🤖 AI Summary
Weak generalization and shallow understanding plague large language models (LLMs) in multimodal sarcasm detection. To address this, we propose Commander-GPT: a modular, multi-agent collaboration framework inspired by military command-and-control theory. It establishes a hierarchical command structure that dynamically routes subtasks to specialized multimodal agents—including Multimodal BERT, DeepSeek-VL, Gemini Pro, and GPT-4o—and fuses their outputs. A lightweight encoder coupled with an autoregressive language model enables zero-shot task allocation and result aggregation. This work is the first to systematically apply the command-and-control paradigm to multimodal sarcasm identification, overcoming the cognitive limitations of monolithic models. Evaluated on the MMSD and MMSD 2.0 benchmarks, Commander-GPT achieves average F1 improvements of 4.4% and 11.7%, respectively, significantly outperforming state-of-the-art methods.
📝 Abstract
Multimodal sarcasm understanding is a high-order cognitive task. Although large language models (LLMs) have shown impressive performance on many downstream NLP tasks, growing evidence suggests that they struggle with sarcasm understanding.
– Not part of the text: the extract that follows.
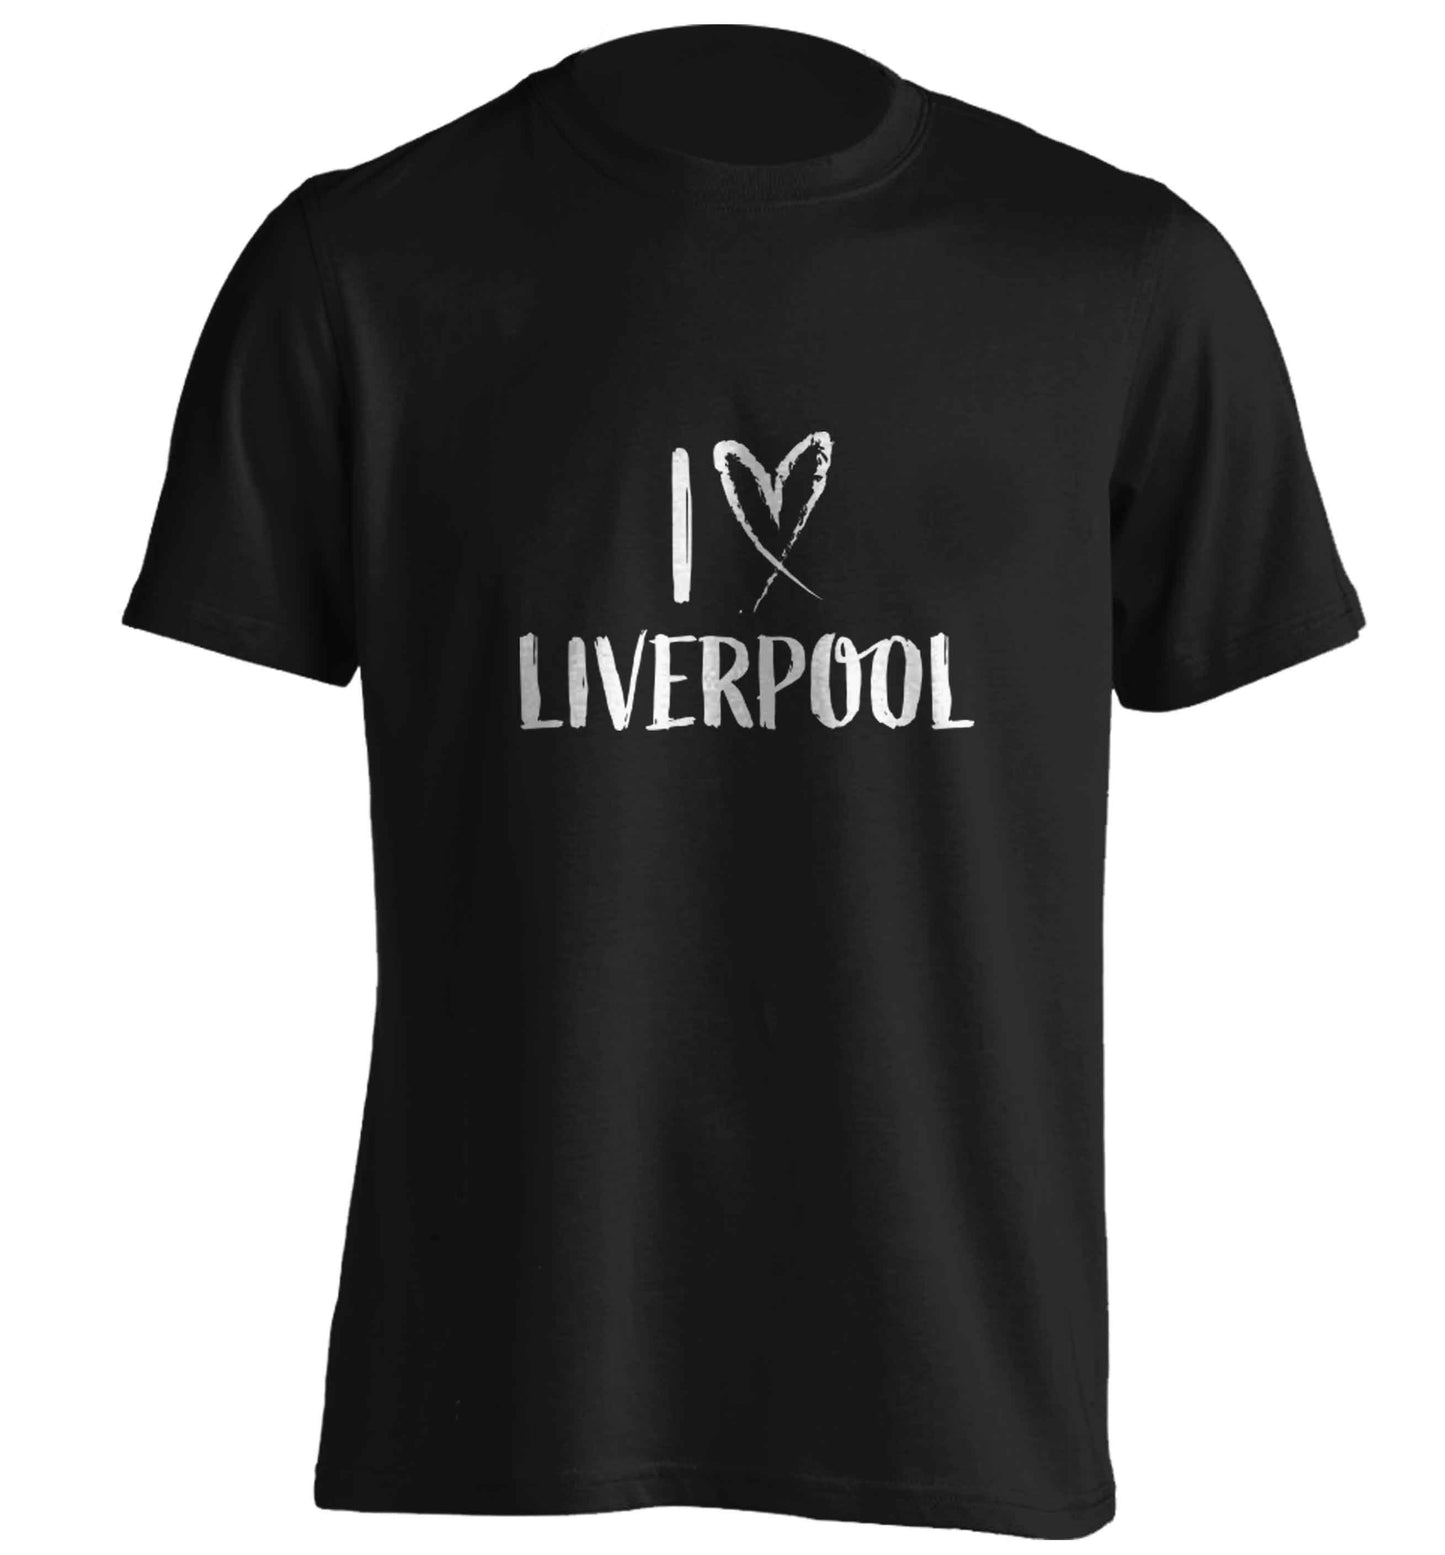 I love Liverpool adults unisex black Tshirt 2XL

In this paper, we propose Commander-GPT, a modular decision routing framework inspired by military command theory. Rather than relying on a single LLM's capability, Commander-GPT orchestrates a team of specialized LLM agents where each agent will be selectively assigned to a focused sub-task such as context modeling, sentiment analysis, etc. Their outputs are then routed back to the commander, which integrates the information and performs the final sarcasm judgment. To coordinate these agents, we introduce three types of centralized commanders: (1) a trained lightweight encoder-based commander (e.g., multi-modal BERT); (2) four small autoregressive language models, serving as moderately capable commanders (e.g., DeepSeek-VL); (3) two large LLM-based commander (Gemini Pro and GPT-4o) that performs task routing, output aggregation, and sarcasm decision-making in a zero-shot fashion. We evaluate Commander-GPT on the MMSD and MMSD 2.0 benchmarks, comparing five prompting strategies. Experimental results show that our framework achieves 4.4% and 11.7% improvement in F1 score over state-of-the-art (SoTA) baselines on average, demonstrating its effectiveness.